**INSTRUCTIONS FOR THE TASK:** Pictures in the listing do not belong in the copy, which should repeat exactly the lines from the one holding "Goldbergh Beach Bucket Hat in Jaguar Print" through the last line.

**THE DATA:**
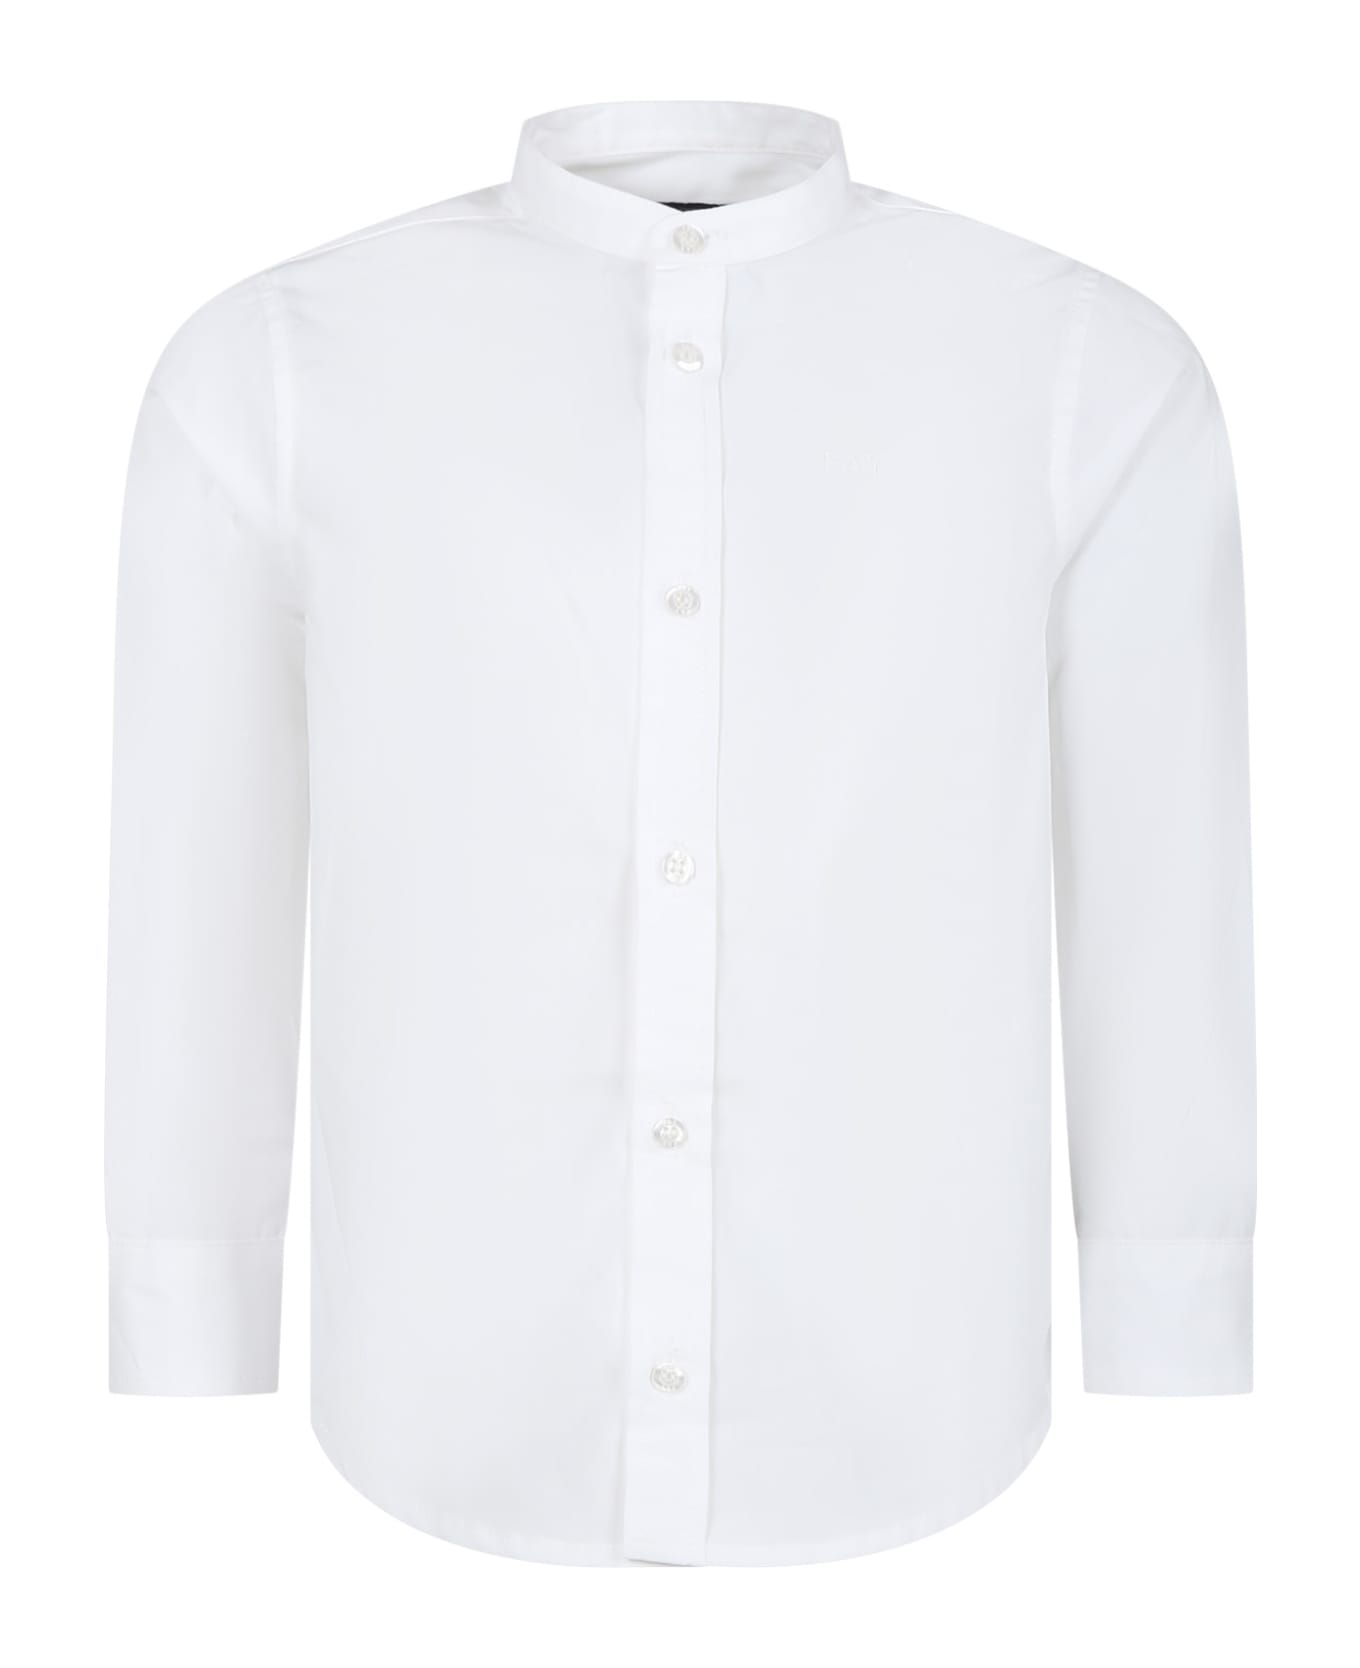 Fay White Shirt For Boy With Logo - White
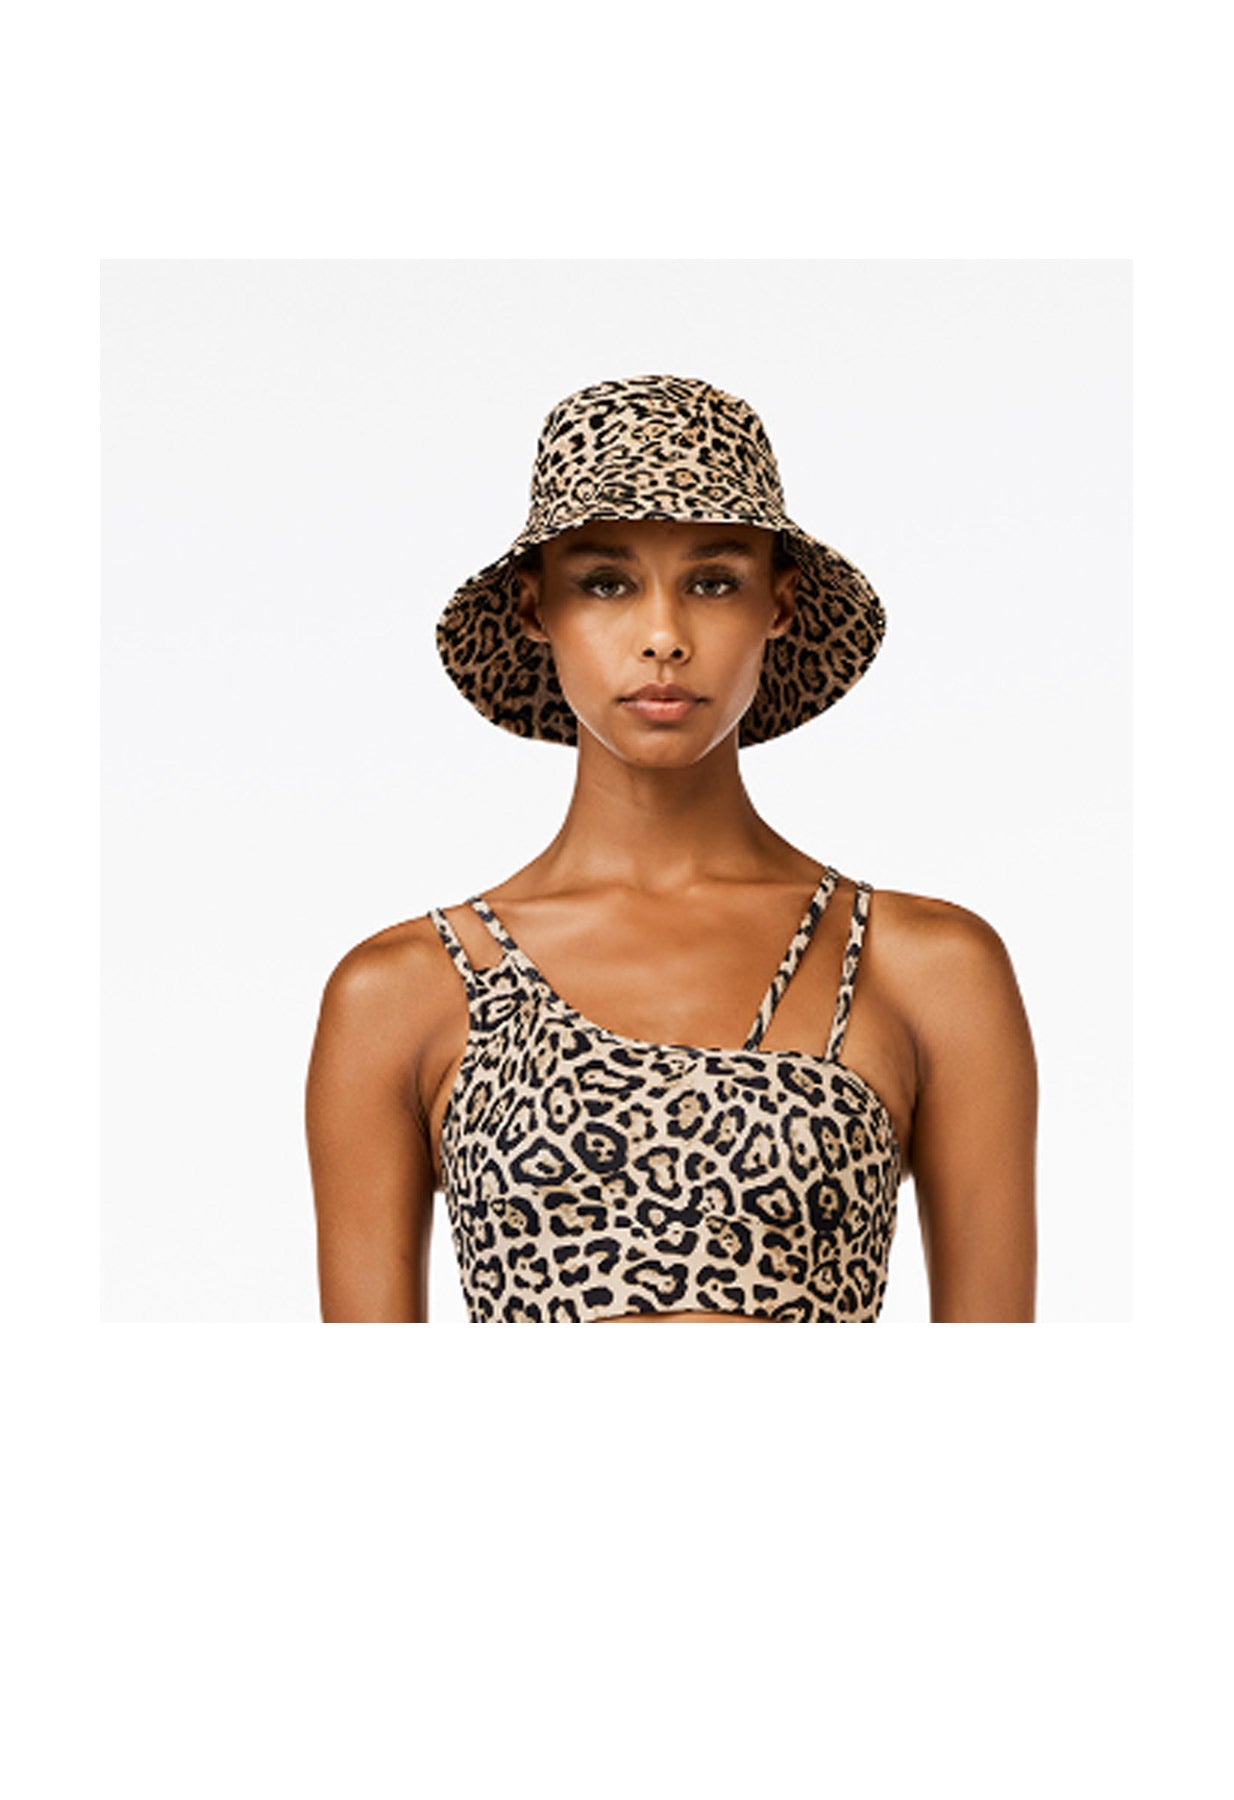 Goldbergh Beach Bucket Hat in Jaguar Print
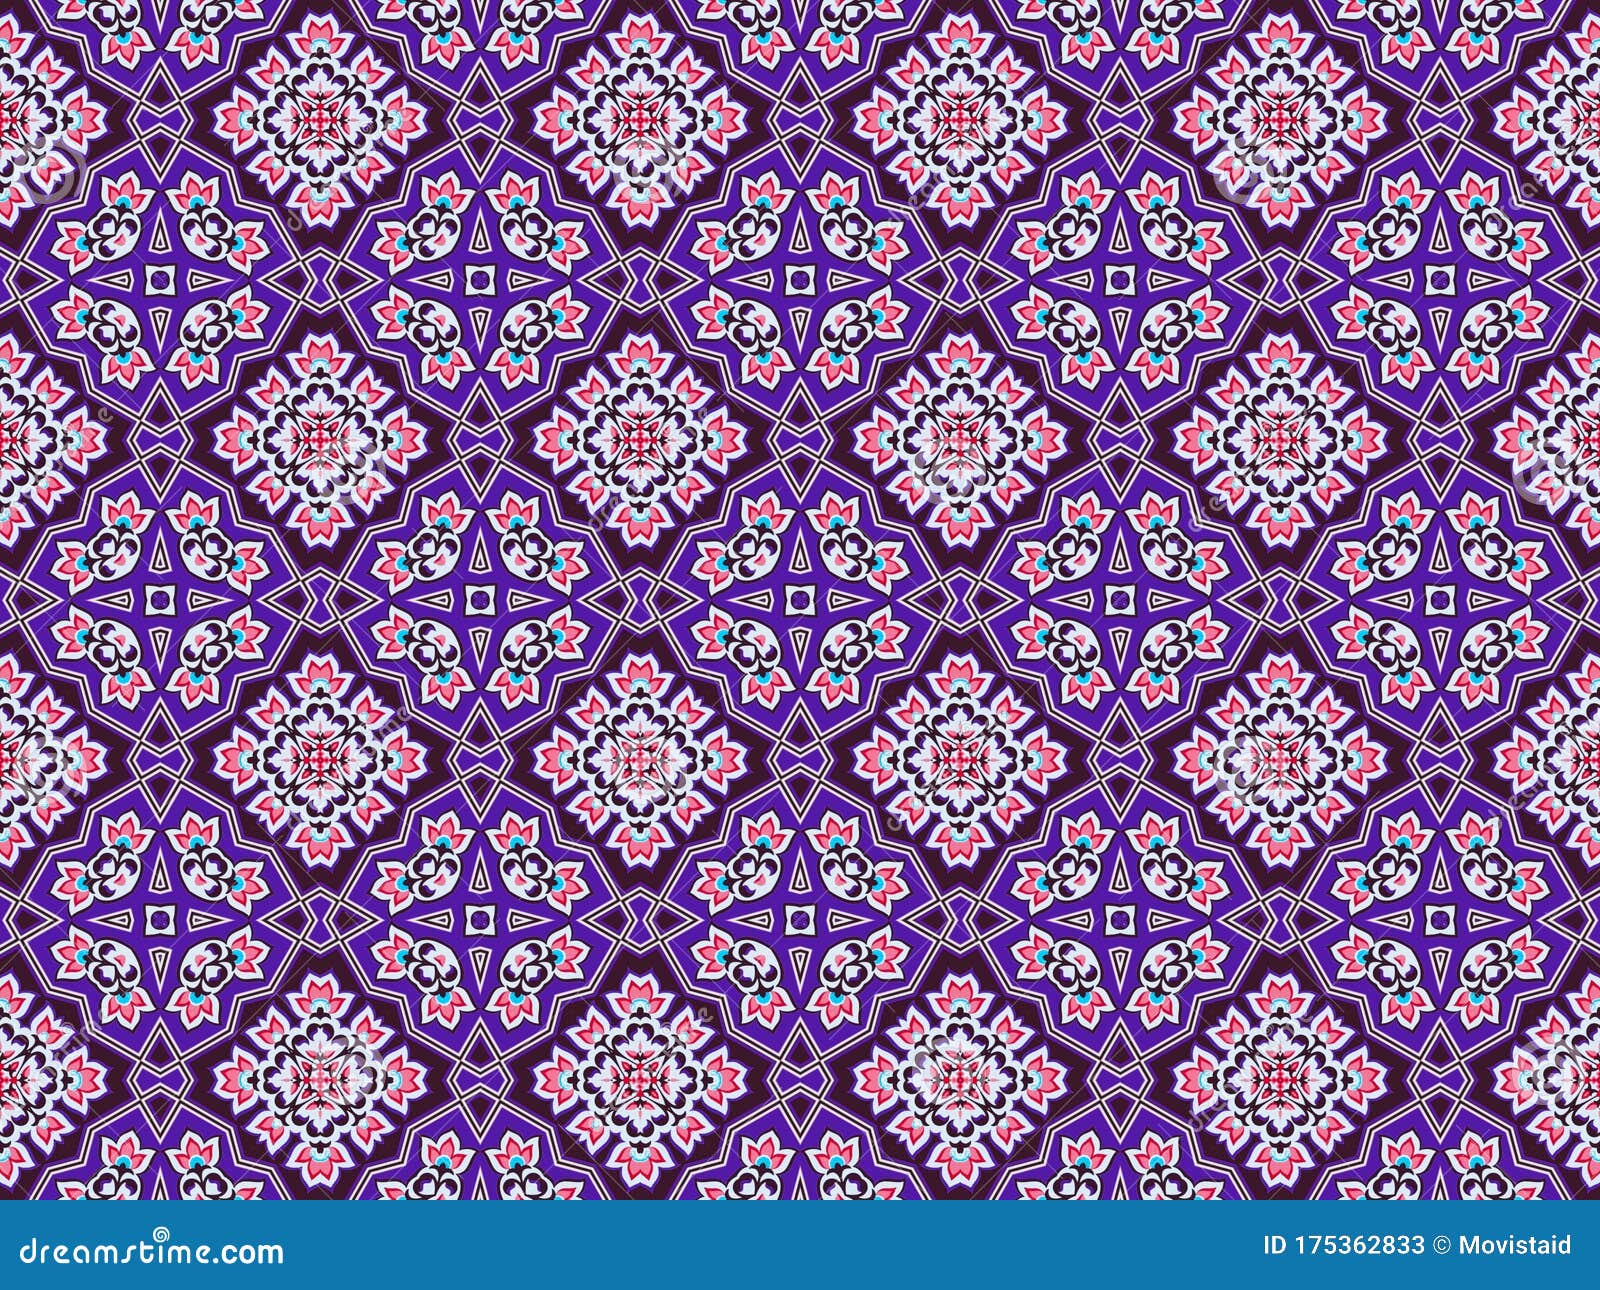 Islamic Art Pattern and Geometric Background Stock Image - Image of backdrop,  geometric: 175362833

**ANSWER FOR THIS EXERCISE:**
 Goldbergh Beach Bucket Hat in Jaguar Print
 Islamic Art Pattern and Geometric Background Stock Image - Image of backdrop,  geometric: 175362833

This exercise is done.